Fig 1. Colony morphology of the dominant strains in the culture medium and electrophoresis atlas of the PCR products amplified from apple fruit fermentation (AFF).

(A), colony morphology. 1, Coprinus atramentarius (Bull.) Fr. 2, Bacillus megaterium. 3, Bacillus licheniformis. 4, Weissella. 5–8, Bacillus subtilis. (B, C), PCR amplification from apple fruit fermentation (AFF).

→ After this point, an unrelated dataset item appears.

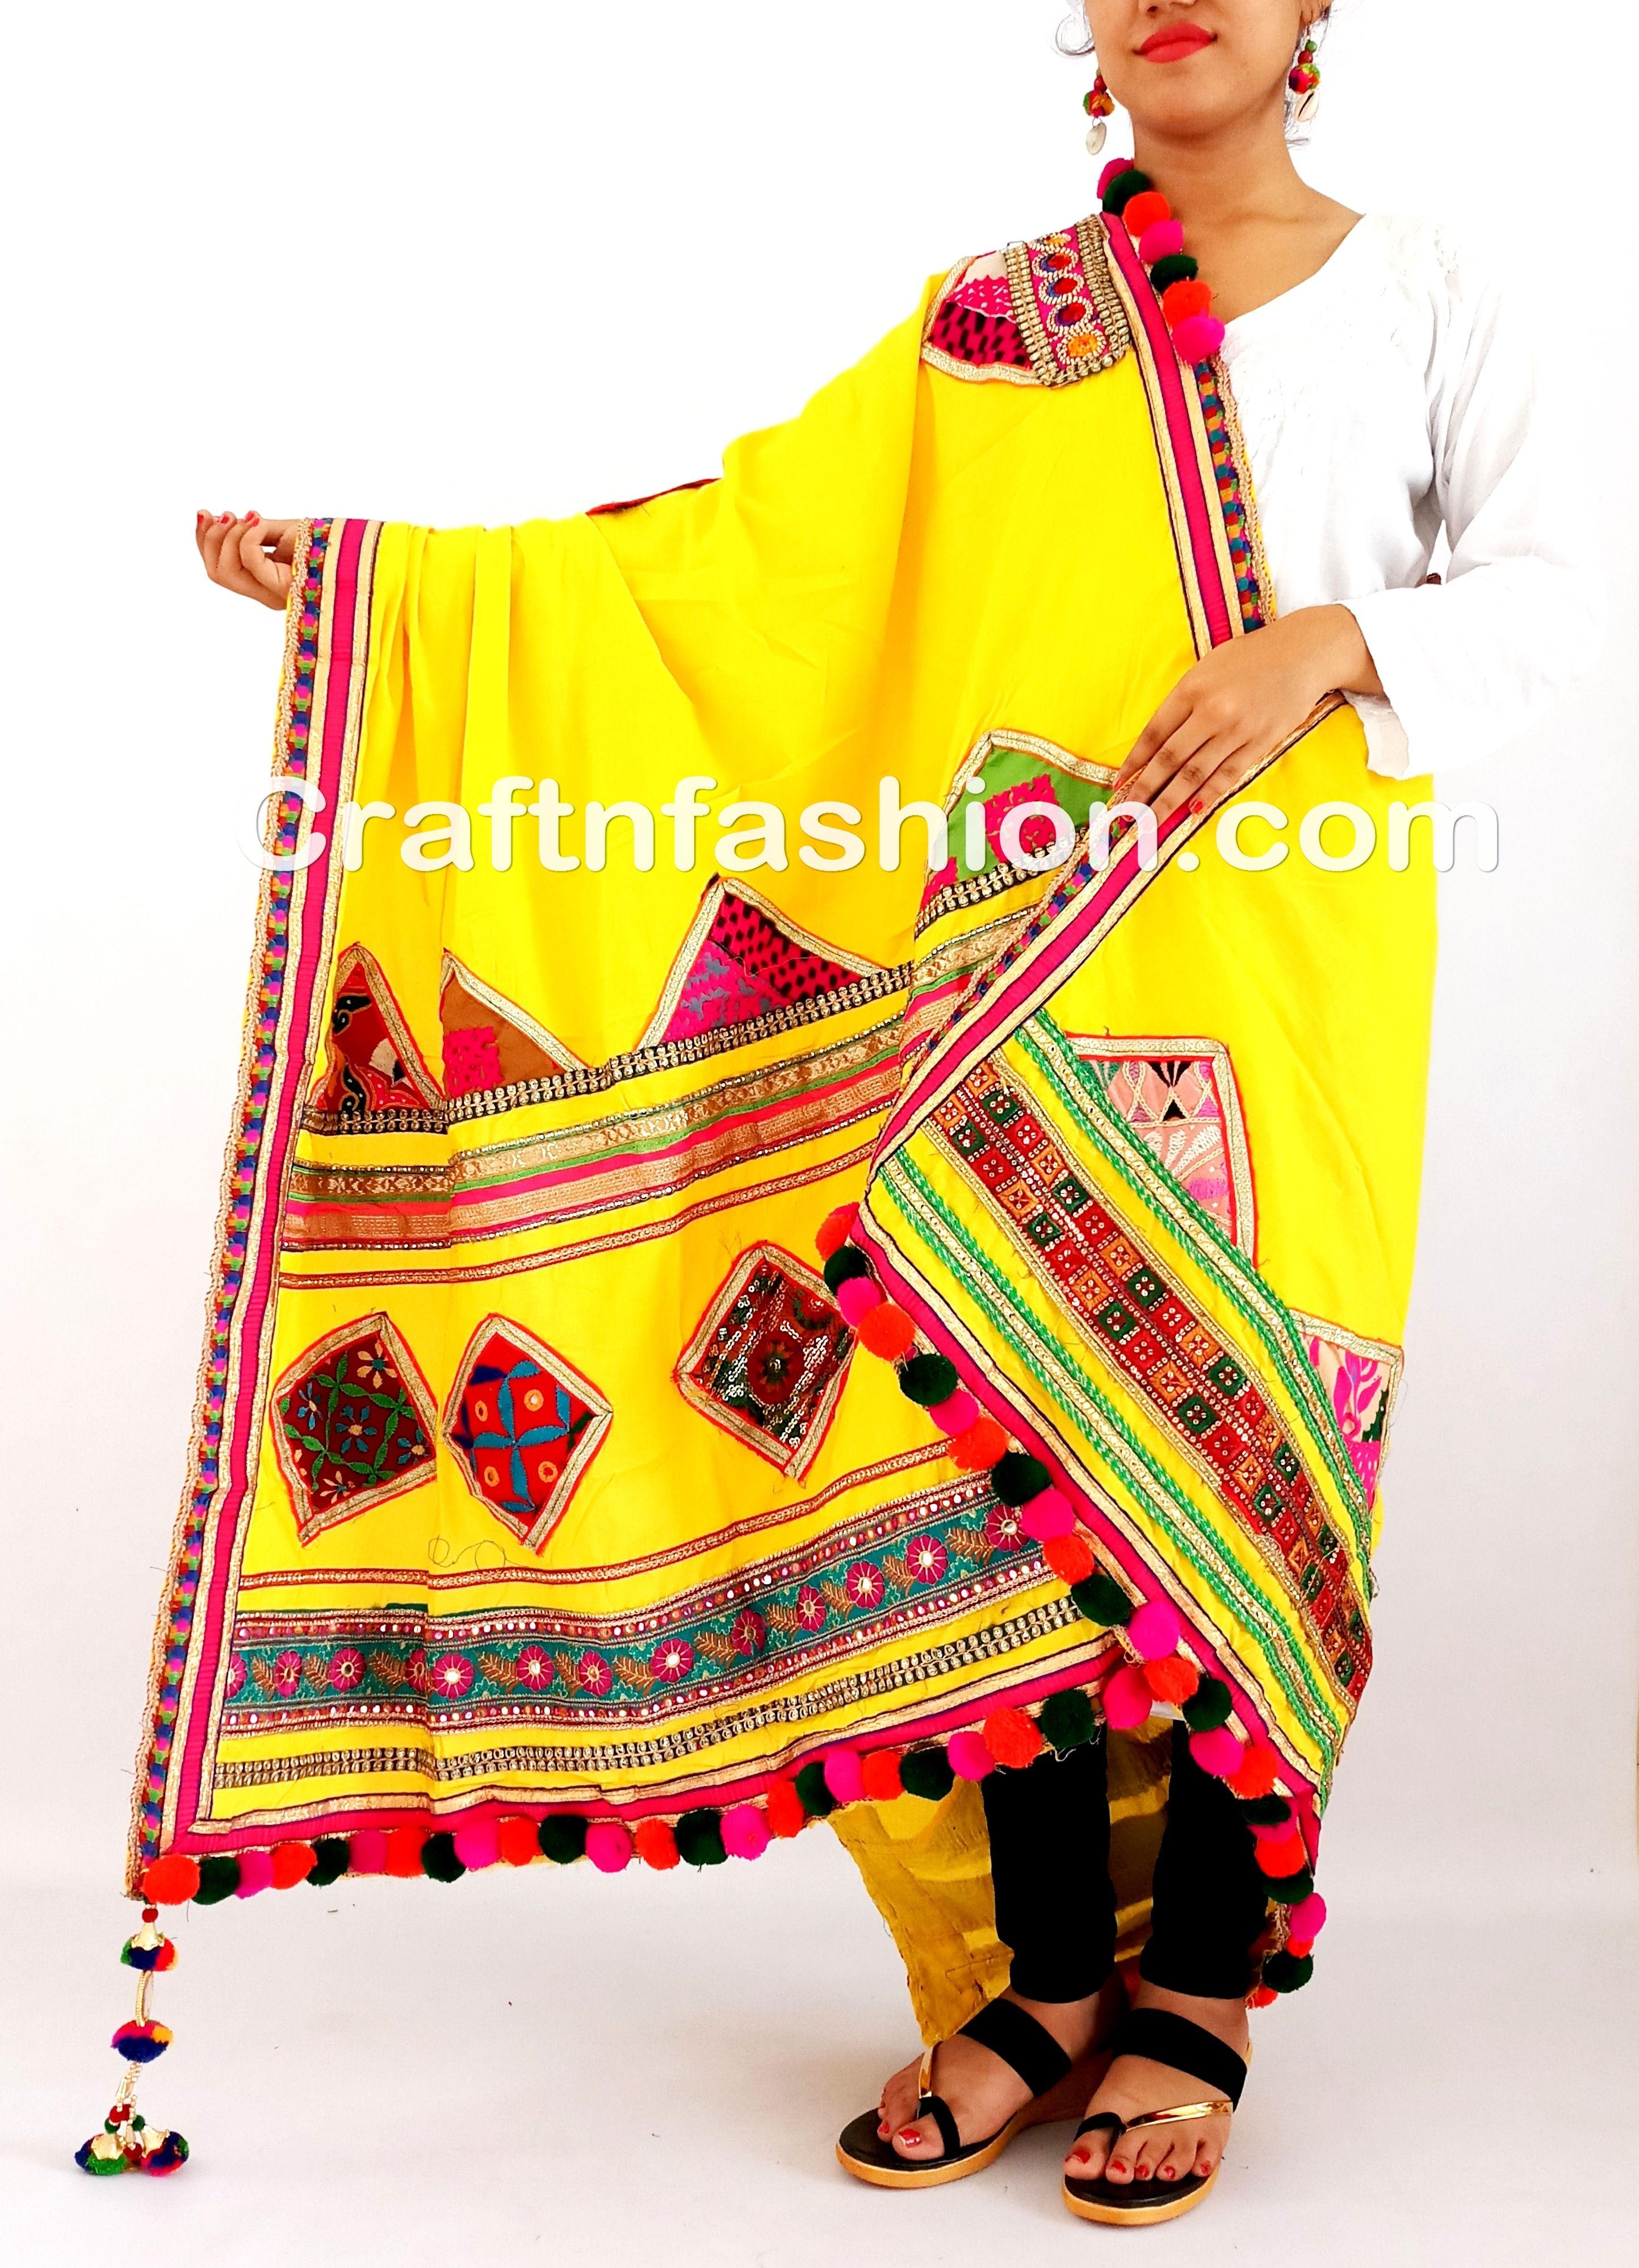 Kutch Embroidery Banjara Dupatta Cotton Kutch Dupatta With Beautiful Thread Work

Characterization of the Rhizosphere Microbial Community under Various Treatments

To investigate the rhizosphere microbial community after applying AFF and/or bacterial solution (500 times solution + 108 cfu/mL Bacillus licheniformis) to the matrix, 5 experimental treatments were designed, as described in Materials and Methods, and PCR analysis of 16S rDNA fragments in the matrix samples was conducted using DGGE (Fig 2A and 2B). The DGGE fingerprint chromatogram (Fig 2), in which each band represents a different bacterium, showed substantial differences in the number of bands, band intensities, and locations of the microorganism DNA from different areas around the strawberry rhizosphere. Compared with the blank and CK treatments, the number of bacteria in T1 increased in bands 6 and 8, and the intensities of bands 13, 15, 16, 25, 35, 41 and 45 were significantly higher; the number of bacteria in T2 was higher in bands 3 and 5, and the intensities of bands 12 and 29 were significantly greater in T3; the number of bacteria was lower in bands 2, 8 and 5 compared with the blank, T1 and T2, and the intensities of all bands were lower than those in other treatments. These results suggested that application of AFF to the matrix resulted in a greater microbial species diversity and abundance around the strawberry rhizosphere, these effects were even greater by adding B. licheniformis to the AFF.

Fig 2. The identification of the rhizosphere microbial community under various treatments.

(A), agarose gel (2%) electrophoresis of rhizosphere genomic DNA (Marker: DL2000). (B), agarose gel (2%) electrophoresis of PCR amplified 16S rDNA (Marker: DL2000). (C), PCR-DGGE (denaturing gradient gel electrophoresis) DNA profiles, and the sequencing codes for cloning of bands that differed between treatments. Abbreviation: Blank (blank plots transplanting the plant before), CK (500 mL water), T1 (apple fruit fermentation (AFF) 500 times solution), T2 (AFF 500 times solution + 108 cfu/mL Bacillus licheniformis), T3 (108 cfu/mL Bacillus licheniformis).

The Similarity and Diversity of Bacterial Community Structures under Various Treatments

To determine the microbial community structure in the strawberry rhizosphere, we performed a calculation of the pairwise similarity coefficient based on the sequencing results of the DGGE analysis, and a clustering diagram was created using UPGMA (S1 Fig, S2 Table). The similarity coefficient of the microorganism population structures in the strawberry rhizosphere of T1 to blank and CK were 50% and 52%, and those of T1 to T2 and T3 were 56.7% and 29.2%, respectively. The similarity coefficient of T2 to the blank, CK and T3 were 61.2%, 52.6% and 29.1%, respectively, while the similarity coefficient of T3 to the blank and CK were 33% and 42.4%, respectively (Table 1). These results indicated the differences in the microorganism population structures under various treatments.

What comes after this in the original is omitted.